The strength of this study is that the features ultimately included in this study were significantly associated with prognosis in terms of OS compared to other studies. The reasons for this are manifold; on the one hand, we extracted the most detailed filtered images possible for each case, which included filtered images of RTdose, so that 3384 features were extracted for each case, a significantly higher number of features than in other studies [41]. On the other hand, we did not cut features heavily by increasing the feature screening bounds at a particular step when performing univariate Cox analysis and Spearman's correlation coefficient screening of features, which allowed important features to be retained [42, 43], and ultimately the eight features with the largest absolute values of coefficients were selected when LASSO was used to eliminate multicollinearity features. In addition to the reasons mentioned above, the dose features included in this study, although not included in the clinical features, also enhance prognostic accuracy very well, and all these reasons make the results of this study higher than other studies.

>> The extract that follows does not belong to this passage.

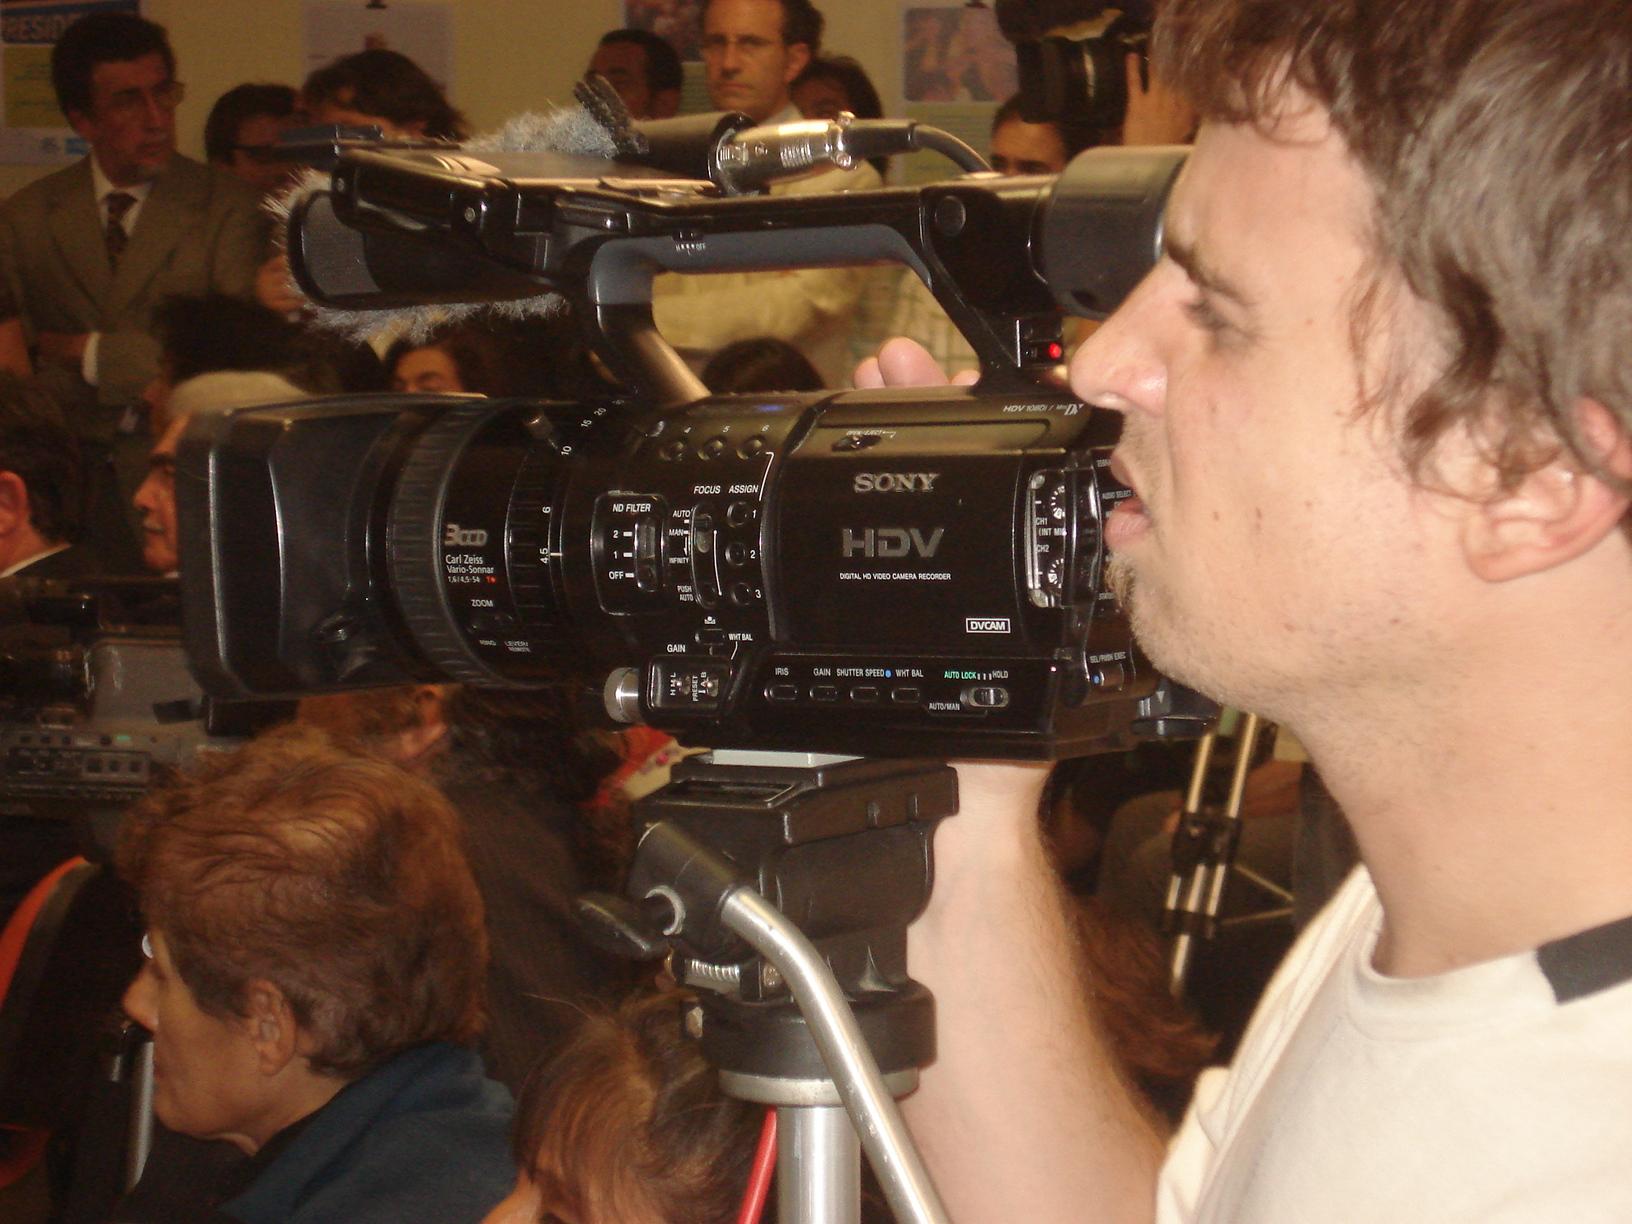 Profesionalismo y compenetración del cámara.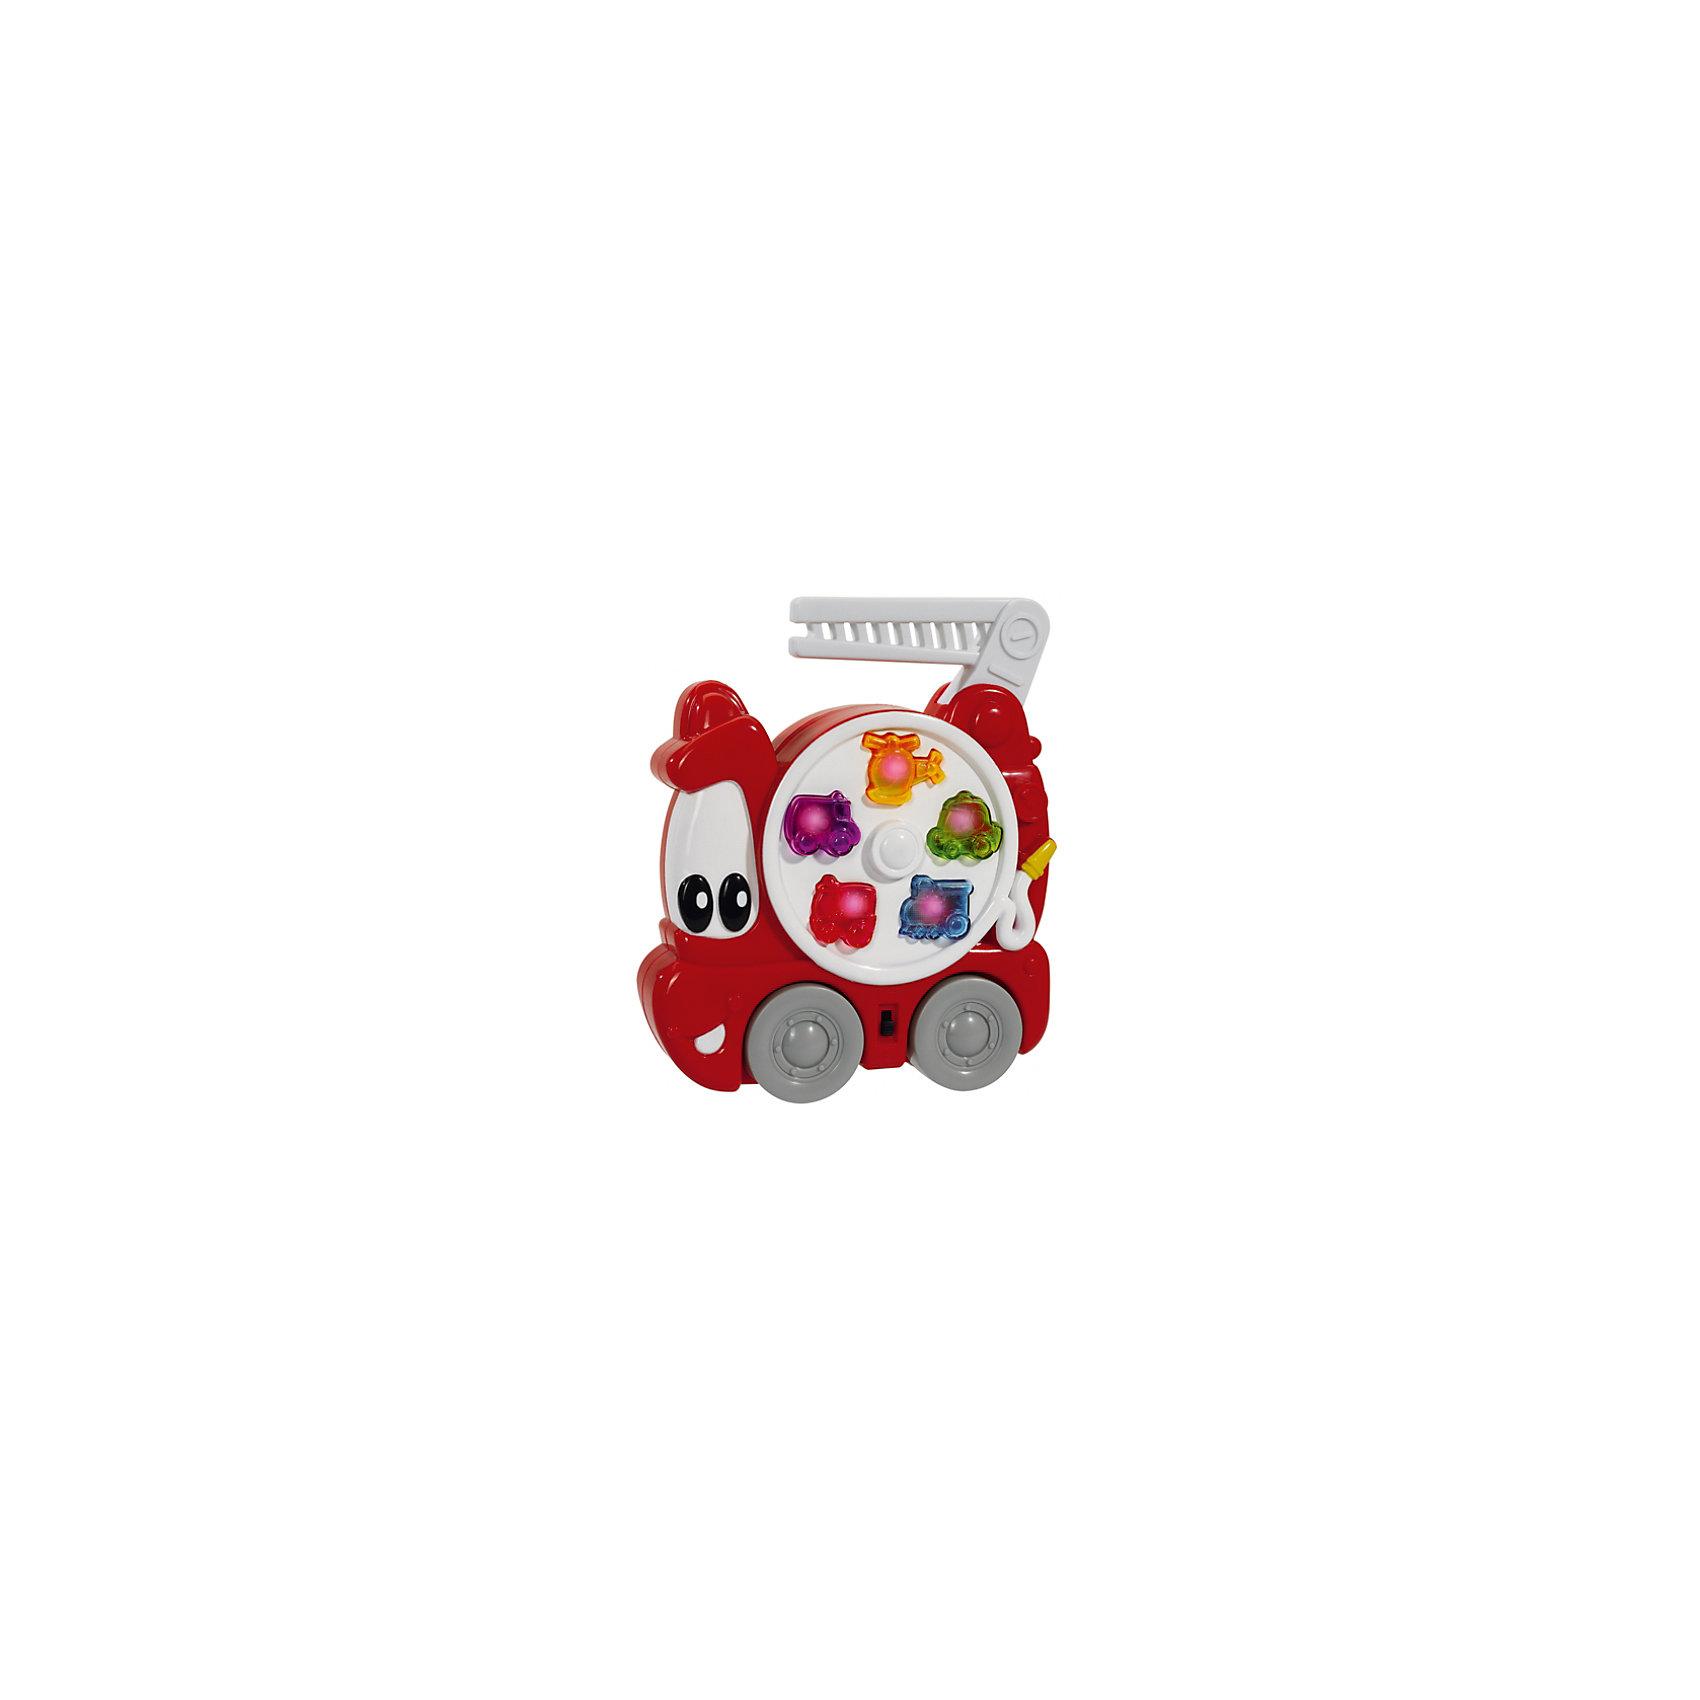 Пожарная машина со светом и звуком, SimbaИнтерактивные игрушки для малышей<br>Пожарная машина со светом и звуком, Simba (Симба) – эта забавная красная пожарная машинка с глазками надолго увлечет вашего малыша.<br>Веселая пожарная машина от немецкой компании Simba (Симба) больше похожа на маленькую зверушку, чем на транспортное средство, благодаря своим большим доверчивым глазкам, заменяющим лобовое стекло, и блестящей улыбки вместо бампера. Один из боков игрушки украшает большой белый диск с пятью разноцветными кнопками, оформленных в виде различной автомобильной техники, при нажатии на которые сами кнопочки загораются, воспроизводя различные мелодии или звуки сирены. У машины есть большие колеса, которые крутятся. Возить игрушку можно только за ручку в виде пожарной лестницы, так как форма машины плоская. При желании ребенок может отключить музыку в пожарном автомобиле, дотронувшись до специального переключателя. Игрушка выполнена в ярких цветах их нетоксичного гипоаллергенного пластика. Играя с пожарной машиной, малыш будет развивать координацию движений, восприятие цветов, форм и звуков.<br><br>Дополнительная информация:<br><br>- Размер игрушки: 19 х 15 см.<br>- Материал: высококачественный пластик<br>- Батарейки: 2 х АА 1.5V (включены в комплект)<br>- Размер упаковки: 23 x 20 x 6 см.<br>- Вес: 315 гр.<br><br>Пожарную машину со светом и звуком, Simba (Симба) можно купить в нашем интернет-магазине.<br><br>Ширина мм: 220<br>Глубина мм: 53<br>Высота мм: 196<br>Вес г: 318<br>Возраст от месяцев: 12<br>Возраст до месяцев: 36<br>Пол: Мужской<br>Возраст: Детский<br>SKU: 2246335

This study has some limitations. First, because the PET, CT and RTdose files all extracted different filtered images, 3384 features were ultimately incorporated for each case, and of these, only eight DVH features [44], so the present model does not demonstrate whether DVH features improve prognostic accuracy. Due to platform limitations, we were not able to extract the conformity index, homogeneity index, V20, V30, V40, V50 and V60 parameters, which also limits the prognostic power of the DVH features. Secondly, although this model is multicentre data, there are only 220 cases, and more cases are needed to improve the prognostic accuracy [45]. Therefore, in future studies, we will try to increase the number of cases as much as possible. In addition, three different training and validation sets were divided in this study. Among the features included in these three different training sets, there were no identical features, and therefore, it was not possible to determine which feature had better prognostic value for HNC. This is related to the fact that we extracted a large number of features in each case. Because of the large number of features, more features capable of presenting tumour information were included, but when the number of features included was greater than eight, we only selected the eight features with the largest absolute value of the feature coefficients, which also led to the inclusion of different features in the three different sets of experiments. This is something that we need to keep exploring in our future research.

Conclusion

In summary, multidimensional prognostic model combining the radiomics features, DVH features and dosiomics features can be used for prognostic prediction of multicentre HNC, and the prognosis is superior to that of the 18F-FDG PET/CT-based radiomics model. Therefore, the importance of dosiomics features and DVH features in the survival prediction of tumours cannot be ignored.